こんなに庭が広くても庭師が大変なだけだと思うが、伯爵家の格を見せつけるためにはなにかと必要なのらしい。
――くだらない、貯金残高でも見せ合っていれば楽だろうに。
さておき、父ドーソン、母エリア、ヨハンの部屋が正面の棟4階にある。
廊下に出れば庭園、部屋からは中庭が見えるようになっている。
そして今、俺とカーラがいる元倉庫現俺の部屋が西棟3階の一番隅だ。
重要人物のいる部屋は真ん中一番上、どうでもいいやつは屋敷の隅。実にわかりやすい。食堂が一人だけ遠いのは困り物だが。
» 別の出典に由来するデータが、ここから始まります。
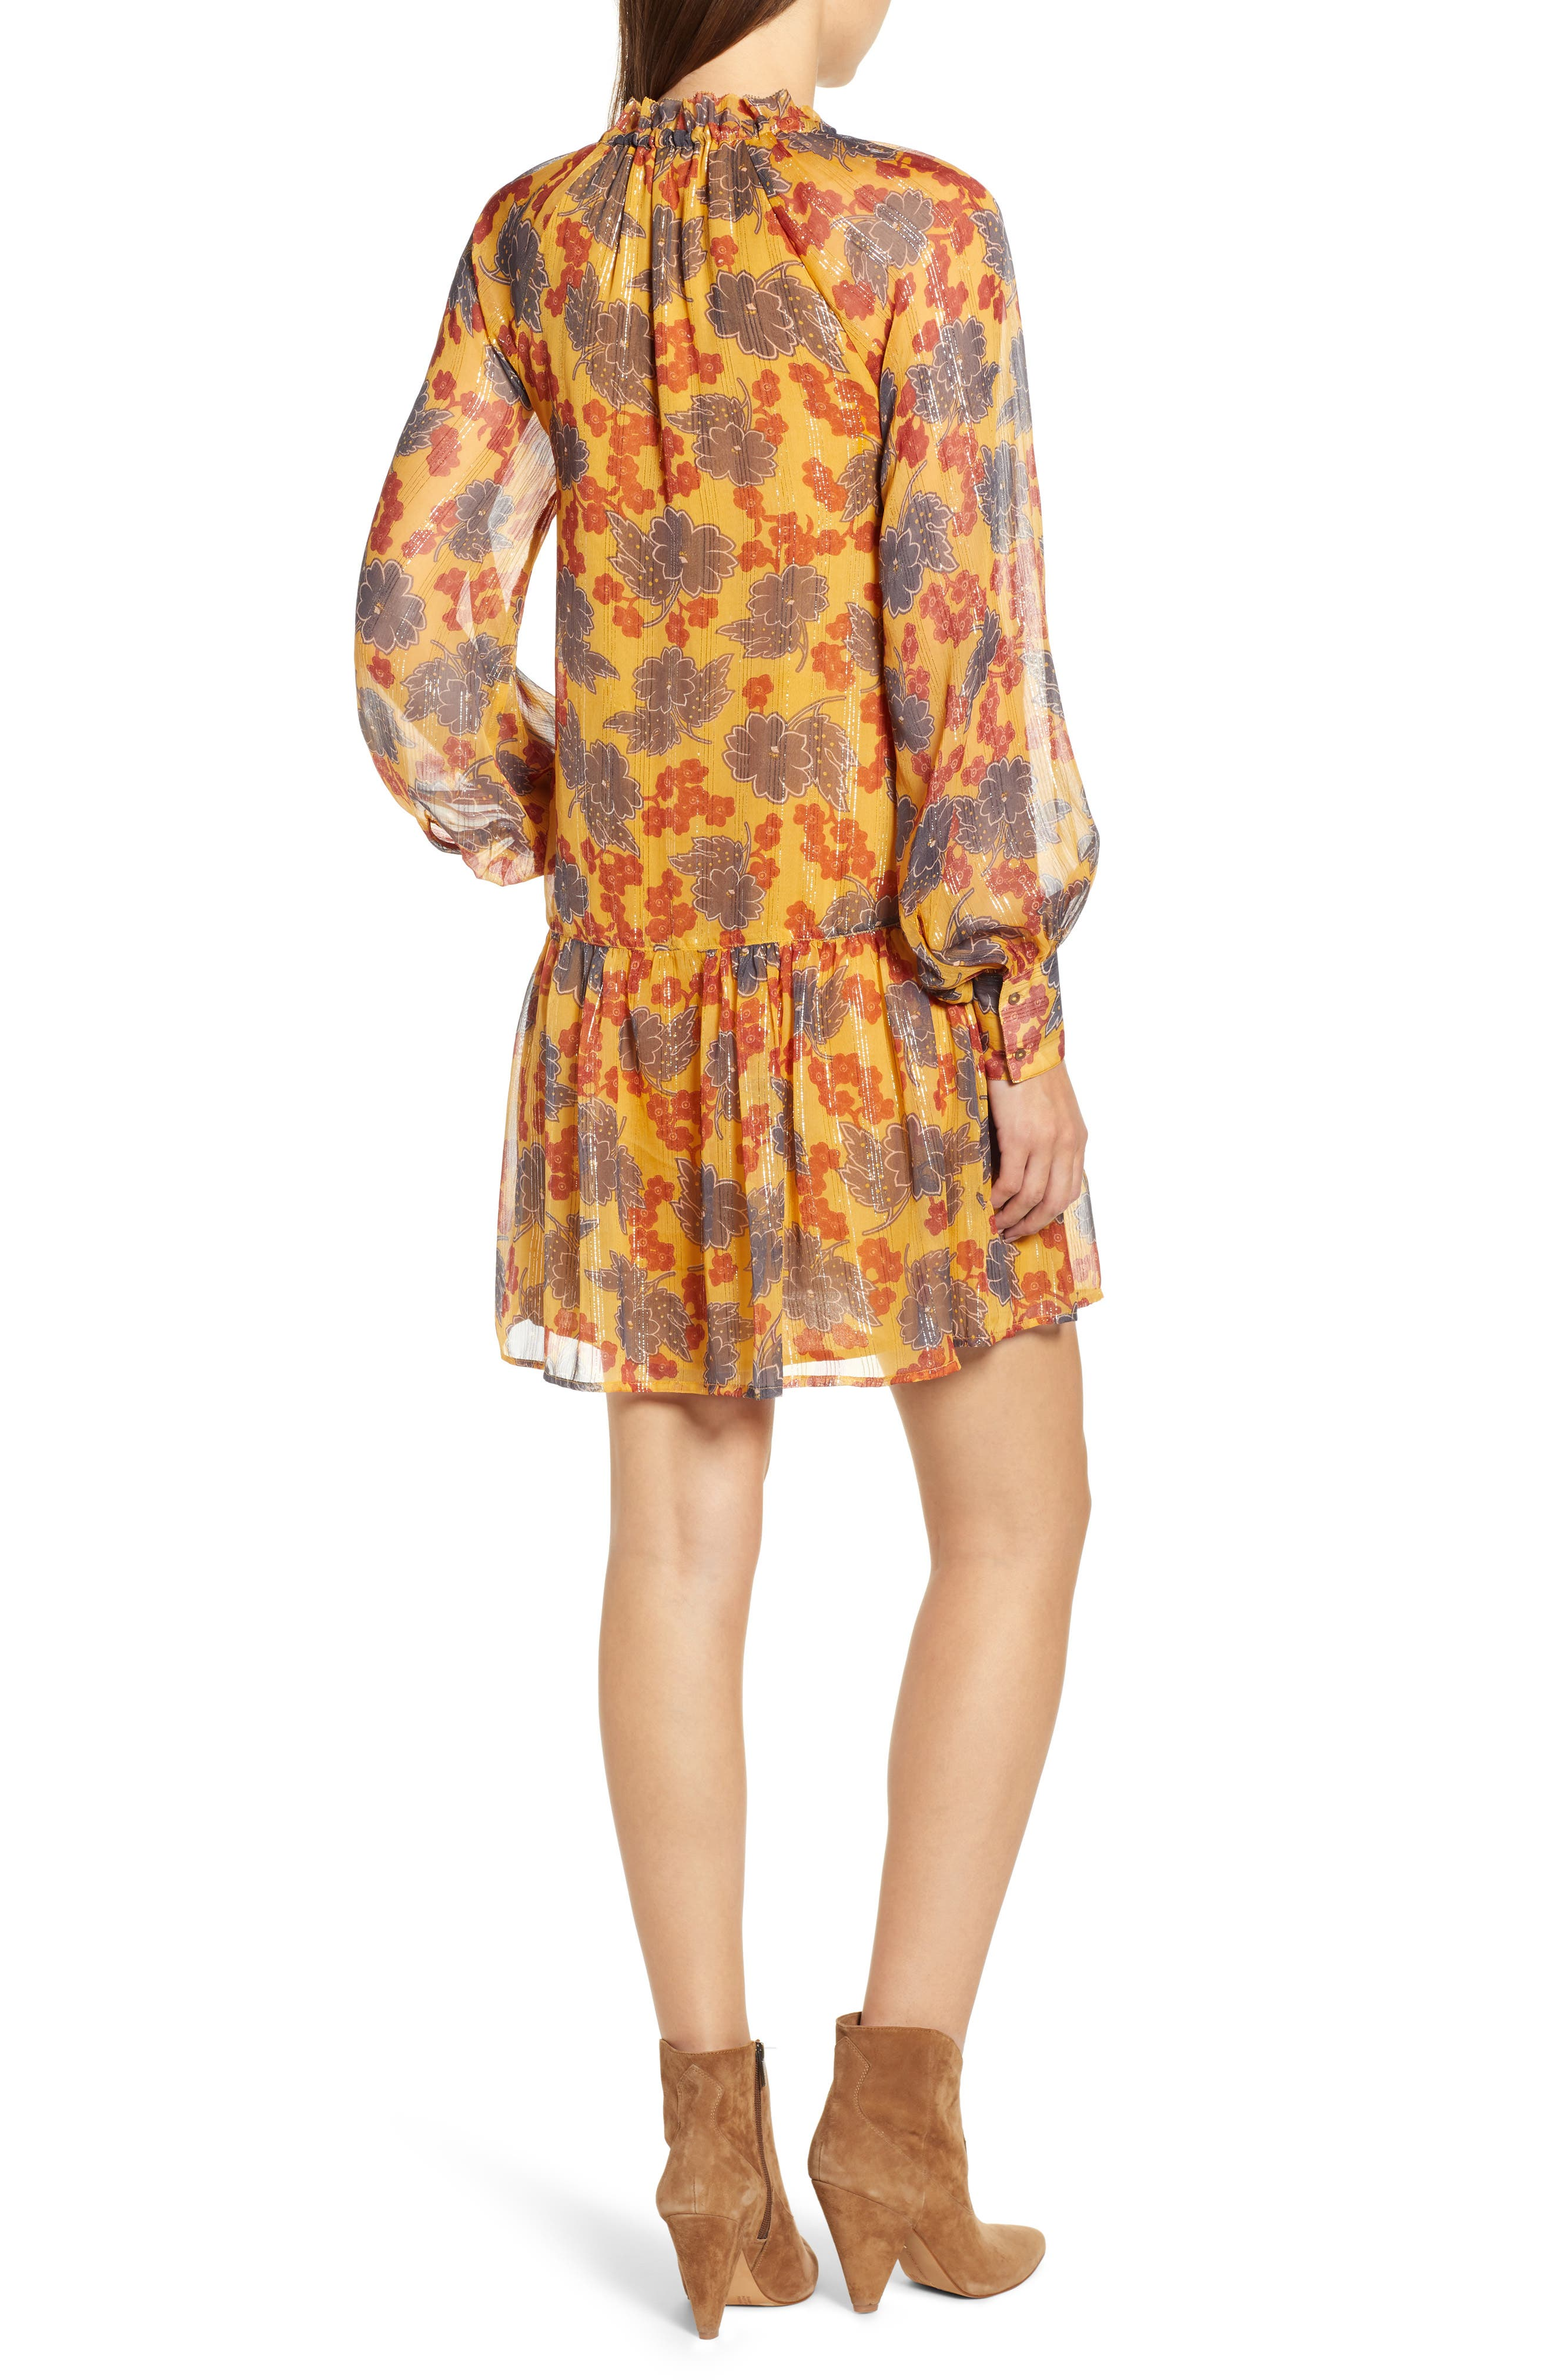 Metallic Stripe Floral Print Dress,                             Alternate thumbnail 2, color,                             YELLOW AND BURGUNDY

さて長くなったが、俺は別に自分の処遇の悪さに異議を申し立てたいのではない。
この家は金持ちだと言いたいのだ。
つまり、こんな風に倉庫に埃をかぶって眠る骨董品も百円や千円で買った代物ではない。父か、もしくはもっと祖先が大枚叩いて買い集めたもののはずなのだ。
「こんな気色悪い陶器でも、持っていくところに持っていけばそれなりに売れるはずというわけだ」
俺はそう言ってカーラに用途不明の猫の妖怪を模したと思われる陶器を持ち上げて見せた。
この部屋の存在は子供のころから知っていた。
遊びにも手を抜かないヨハンが、かくれんぼの時に身の隠し場所によく選んでいたからだ。これらを金に換えようという発想が出てきたのは、前世の記憶がよみがえったゆえの事である。ロニーの発想では、そんな選択肢は浮かんでいなかっただろう。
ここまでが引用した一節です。